Identify your threads
First step is to identify the threads that we want to trace:
ps -eo pid,tid,rtprio,command,comm -L
may give you the list of all threads, including the rtprio
. if the threads are named, it’s easy to identify the threads (tid
), which we want to trace. For the rest of this entry, let’s assume the threads are 1234,1235,1236
.
Trace the thread(s)
Let’s see what we get:
sudo perf trace -t 1234,1235,1236
This will print the trace points to the terminal in real-time. By default it will trace system calls (which may or may not be good to have in the real-time thread)
Record interesting tracepoints
perf
supports quite a number of trace points.
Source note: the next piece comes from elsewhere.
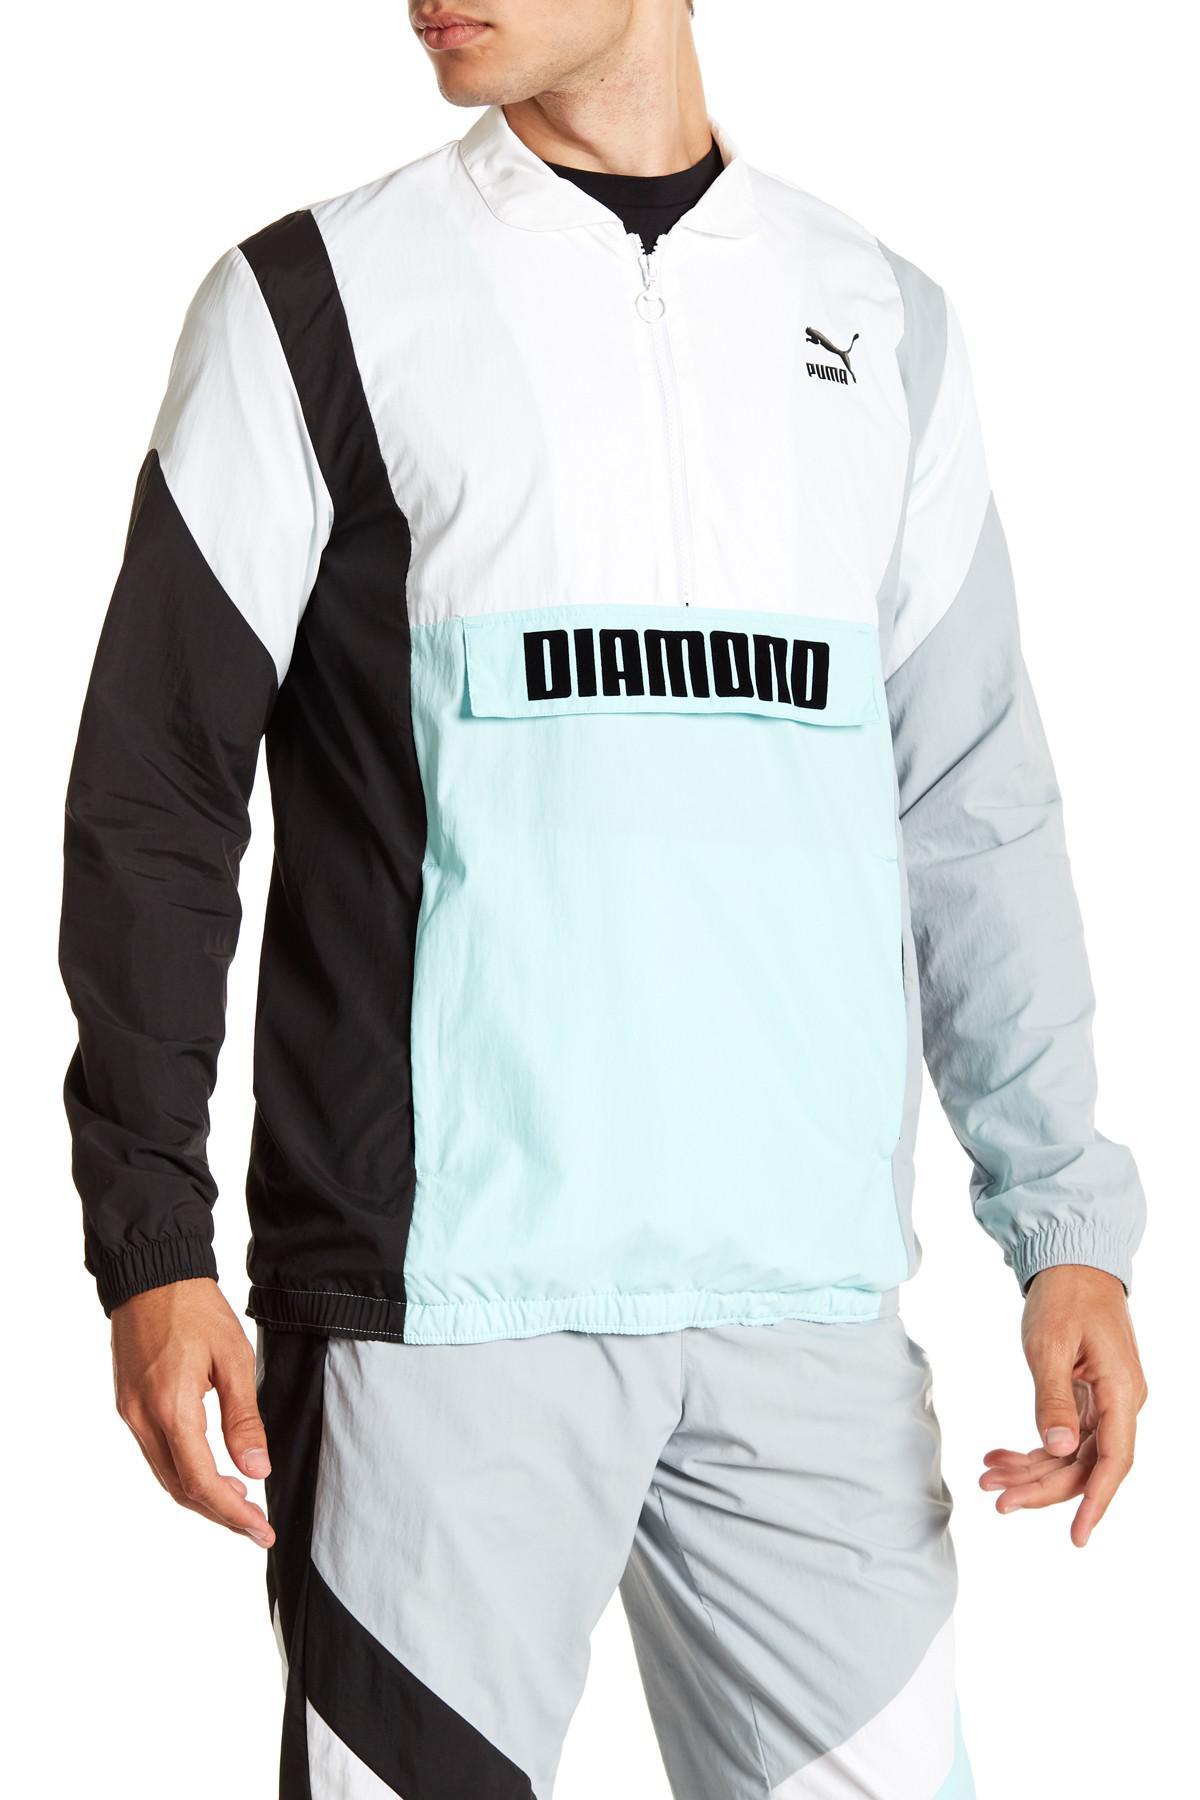 Lyst - Puma Diamond Savannah Jacket for Men 1ea0387262d7e

Some of them are available as users, some require super user permissions:
# show user-accessible tracepoints
perf list
# show tracepoints that require super user access
sudo perf list
Some of the more interesting trace points are about memory allocations or waiting for a mutex from the rt thread. We first have to install probes:
# memory subsystem (not only, but mainly malloc/free)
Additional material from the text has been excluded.